The Prosecutor said the security situation in Libya remains unstable with violent clashes occurring between various factions and reports of widespread human rights violations being perpetrated by different parties to the conflict. She also noted reports of “unlawful killings, including the execution of detained persons; kidnappings and forced disappearances; torture; prolonged detentions without trial or other legal process; and arbitrary detention, torture, rape, and other ill-treatment of migrants in official and unofficial detention centres.” Bensouda said she has instructed her Office to continue its inquiries into the alleged crimes against migrants transiting through Libya, adding that these crimes may fall with the ICC’s jurisdiction.

Bensouda told the Council that the ICC had issued an arrest warrant for Major Mahmoud Al-Werfalli in August.
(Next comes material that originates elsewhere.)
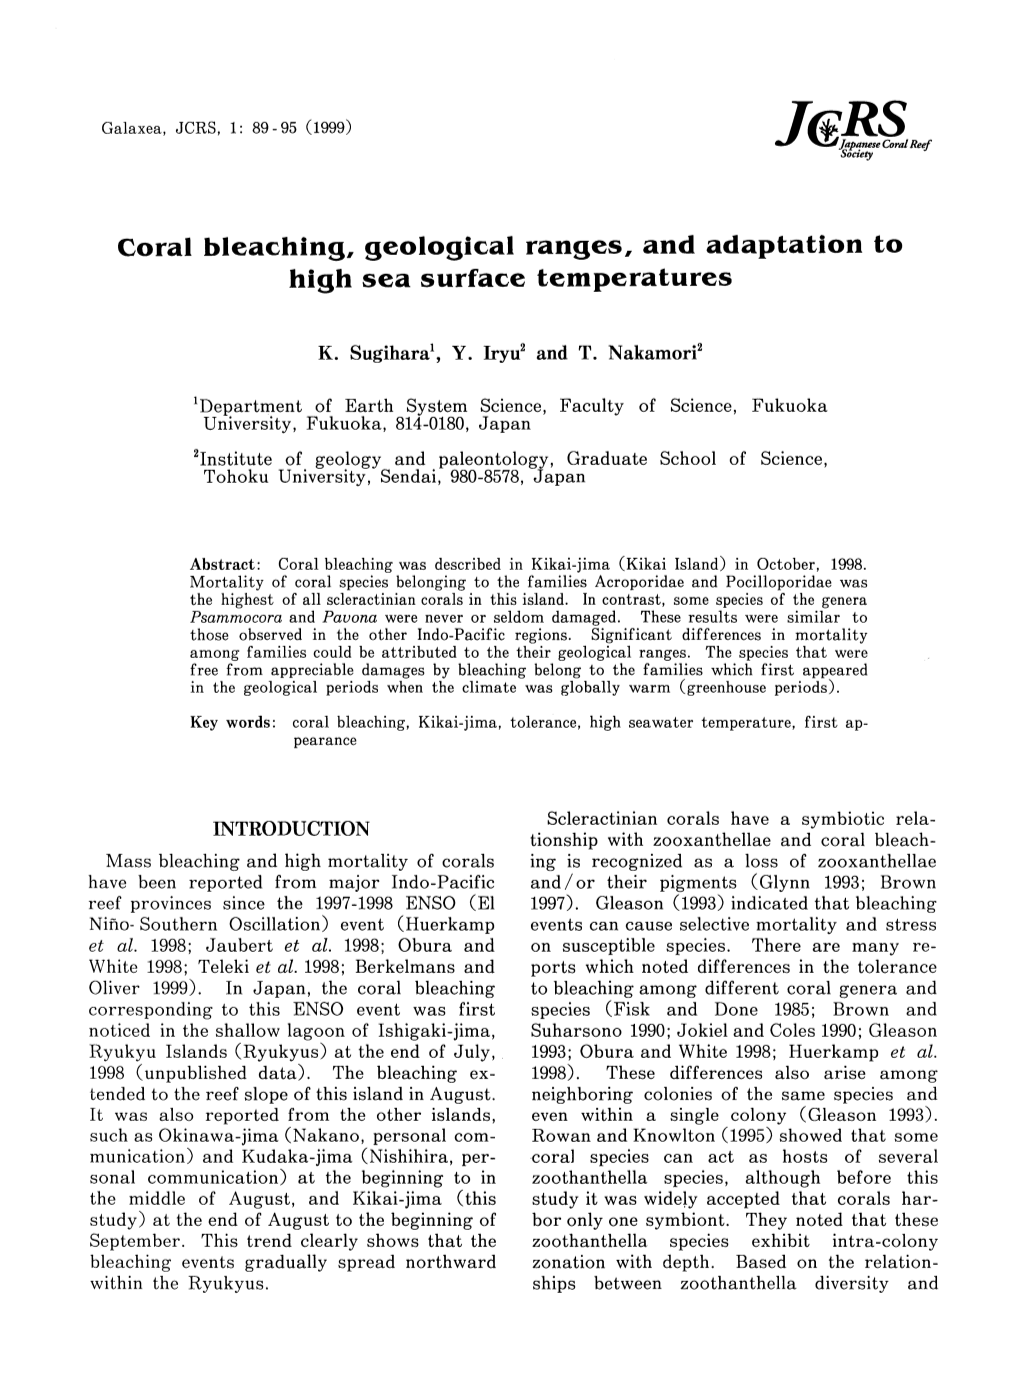 Coral Bleaching, Geological Ranges, and Adaptation to High Sea Surface Temperatures

Al-Werfalli is the commander of the Al-Saiqa Brigade of the Libyan National Army (LNA) and is accused of war crimes in relation to six unlawful executions that allegedly took place in Benghazi between March and July this year. He is alleged to have ordered or personally committed the executions that resulted in the murder of 33 people. Bensouda emphasized that “irrespective of any reported domestic investigation” by the LNA into Al-Werfalli’s actions, Libya has a legal obligation to arrest and surrender him to the ICC to stand trial.

The ICC Prosecutor said, “Ensuring justice for victims of serious crimes perpetrated in Libya, and bringing to account those who have committed or ordered atrocities, remain critical factors for sustainable peace in a country that has been plagued by conflict for so long.”

Libyan ambassador Elmahdi Elmajerbi said his Government knows that it bears the primary responsibility to fight impunity and achieve justice and views the ICC as an important partner. He said Libya recognizes the delay in prosecuting and arresting suspects, however “this delay does not mean that the national judiciary is unwilling to prosecute and punish those who have committed crimes, rather it was imposed by the security situation witnessed by Libya; the same situation that has prevented the office of the ICC prosecutor to undertake its investigations within the Libyan territory.”

Elmajerbi called on the international community to help Libyn overcome its security situation through supporting efforts to unify its security institutions and build government institutions which can reinforce security and stability in the country.

The Libyan ambassador said his Government understands the Prosecutor’s concern over alleged crimes committed against migrants, however he called on the prosecutor to focus on the organized criminal groups in the countries of origin and destination who are trafficking these migrants. He said it is well know that Libya is witnessing an unstable security situation, adding that if these transnational criminal groups were stopped, the crimes and violations migrants face in transit countries like Libya would not happen.